Overall, just 24% felt sure their cash was invested responsibly.
Where do you stand?
Who’s keeping watch?
The Financial Markets Authority (FMA) is promising to keep closer tabs on the industry and what it’s delivering for consumers.
That pledge comes as companies’ income from fees continues to rise.
In 2019, KiwiSaver providers earned $479.8 million in fees, up 15% on 2018. Research commissioned by the FMA suggests what we’re paying is high compared with similar funds in the UK.
Last year, FMA director Liam Mason said it would be asking providers “to demonstrate how they are providing value for money for members”.
Mr Mason said this would include getting providers to explain “how higher fees are justified for services such as active fund management or responsible investment strategies”.
As our survey shows, higher fees haven’t translated into quality customer service.
Where's your money going?
Finding out which horses your KiwiSaver cash is backing isn’t as straightforward as it could be.
KiwiSaver providers must regularly disclose the top 10 investments of each of their funds. They also have to file financial statements and lists of fund holdings showing where money is invested. These returns are held on the Companies Office Disclose Register. But in many cases, the information doesn’t tell you everything you need to know.
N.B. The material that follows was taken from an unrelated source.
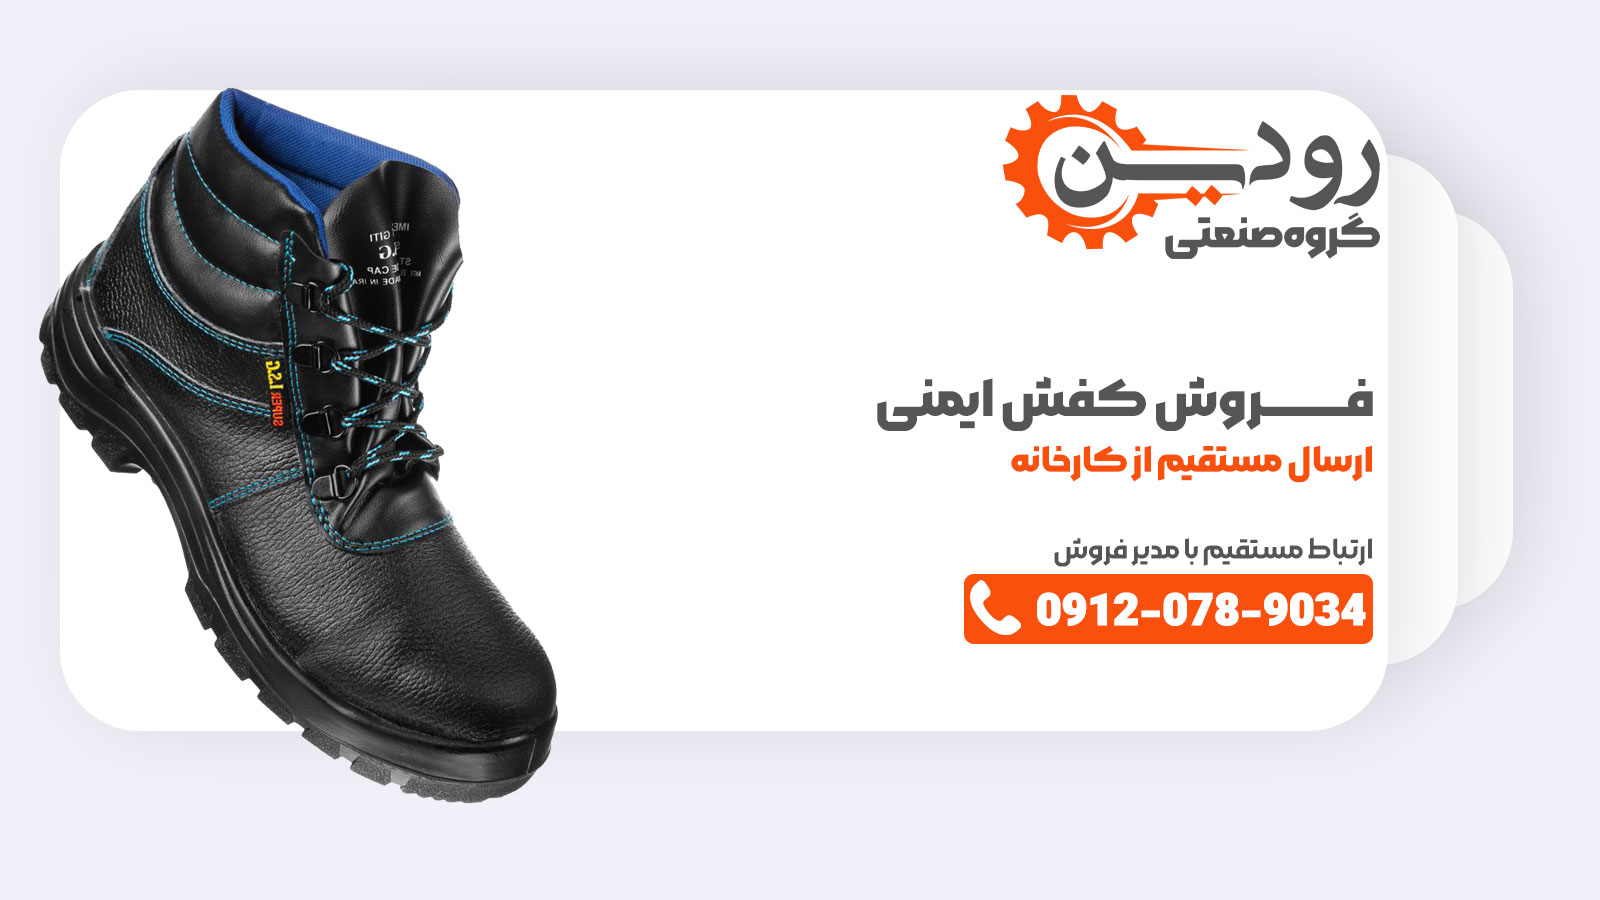 کارخانه تولید کفش ایمنی در رشت بهترین کفش ایمنی کشور را به تولید رسانده و جهت صادرات هم تولید میکند.

Most schemes invest in global tracking funds, which means you need to dig deeper to find where these funds invest.
It’s a safe bet the majority will have holdings in stock exchange leaders and big name companies – think Apple, Microsoft, Facebook, BP, ExxonMobil,
Shell, Nestle, Coca-Cola, PepsiCo and McDonald’s among others.
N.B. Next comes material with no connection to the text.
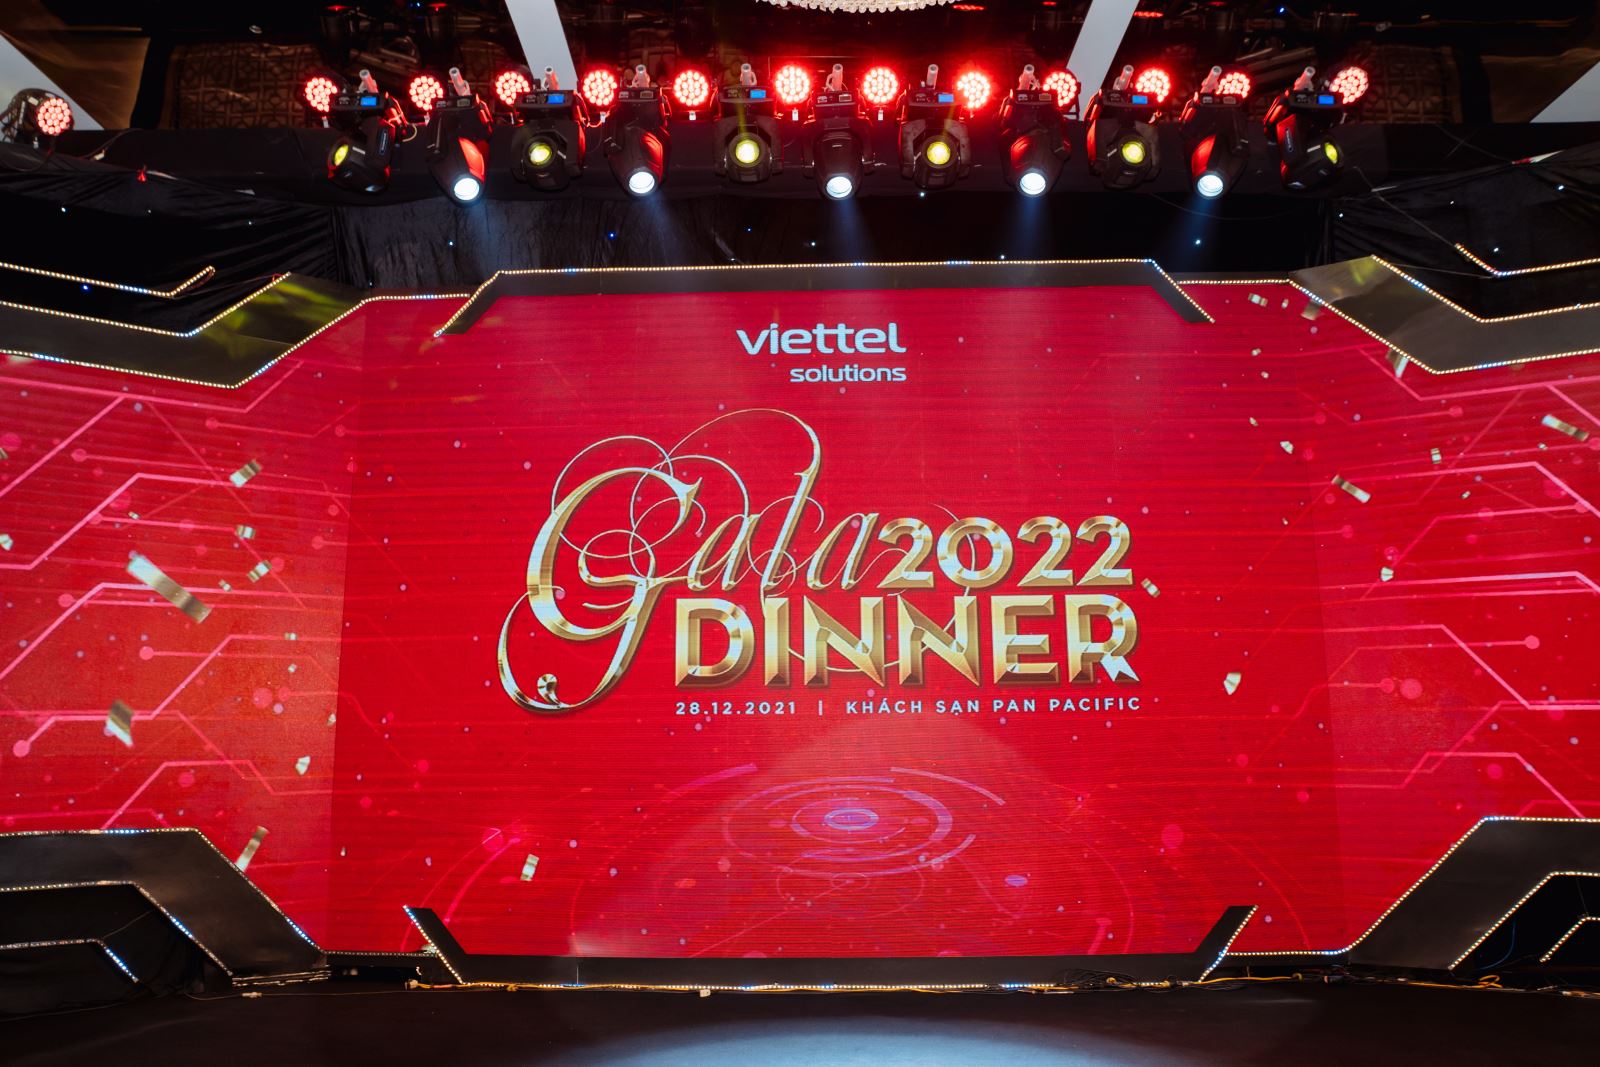 GHD Gala dinner 2022 -

The online Disclose Register is free to access, although you need to know where to look for relevant information. To find your KiwiSaver fund’s holdings, search under “Offers” and enter the name of your provider. A list of “Full portfolio holdings” can be found under the “Investment Options” tab.
You’re entitled to ask your provider where it’s investing your money. Quiz your fund manager about its approach to responsible investment. Look for details on industries the fund screens, rather than general commitments to do the right thing. You can also ask what the fund is doing to support sustainability investing.
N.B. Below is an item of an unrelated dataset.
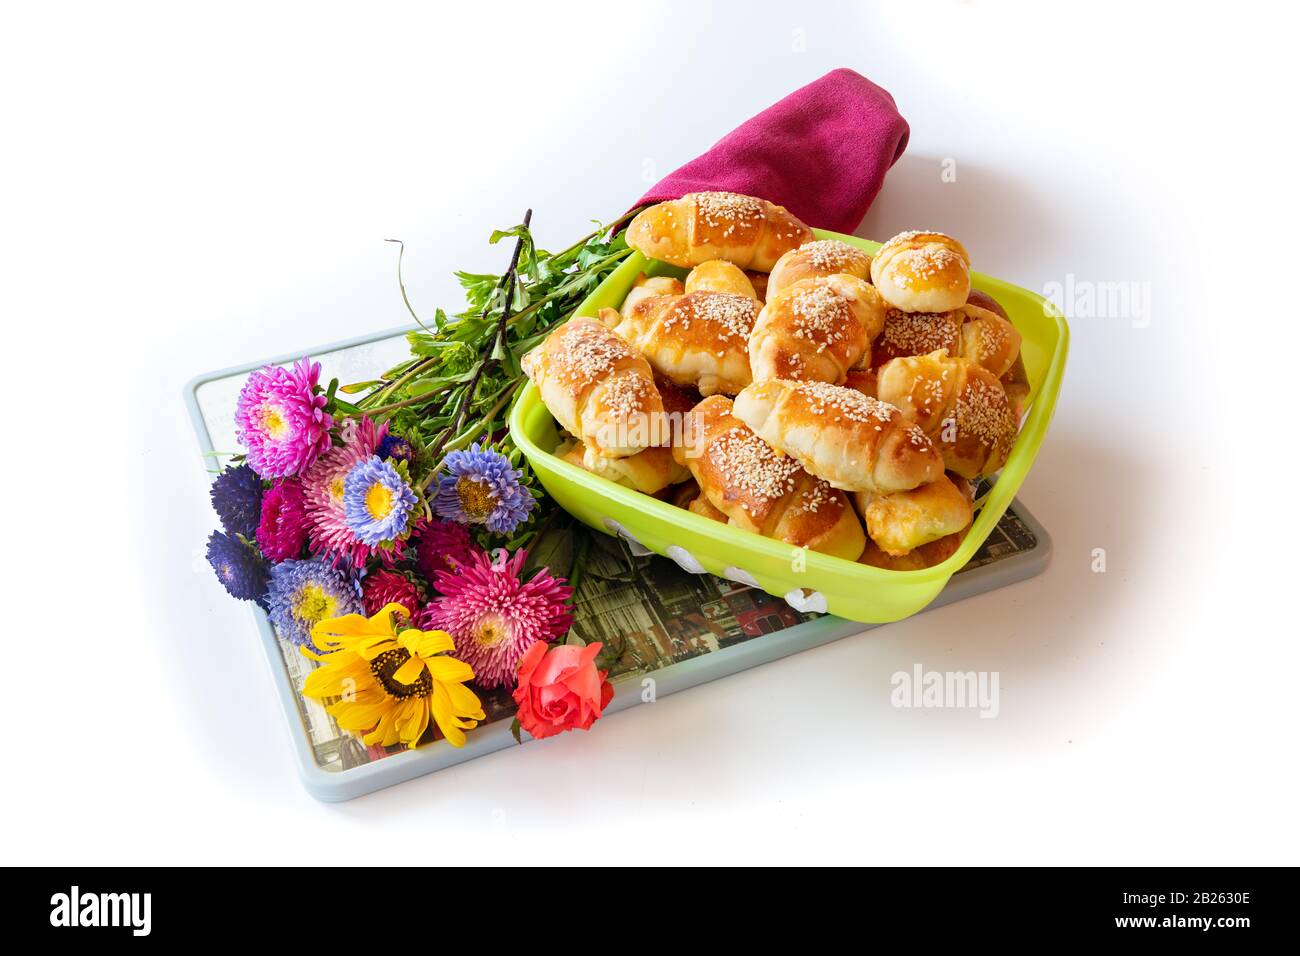 Petits pains au fromage, frais, croquants et chauds, servis avec amour, avec un grand bouquet de fleurs de champ, sur fond blanc Banque D'Images

Nine KiwiSaver funds are promoted as dedicated responsible investment options:
AMP’s Responsible Investment Balanced Fund
ANZ’s OneAnswer Sustainable International Share Fund
Booster’s Socially Responsible Investment Balanced Fund, and Socially Responsible Investment Growth Fund
CareSaver's Balanced, Conservative and Growth funds
QuayStreet’s Balanced SRI Fund
SuperLife’s Ethica Fund.
These funds exclude a broader range of investments than the companies’ other KiwiSaver offerings. Common exclusions include alcohol, arms, gambling and pornography. Investment in fossil fuel extraction is also excluded by Booster, QuayStreet and SuperLife.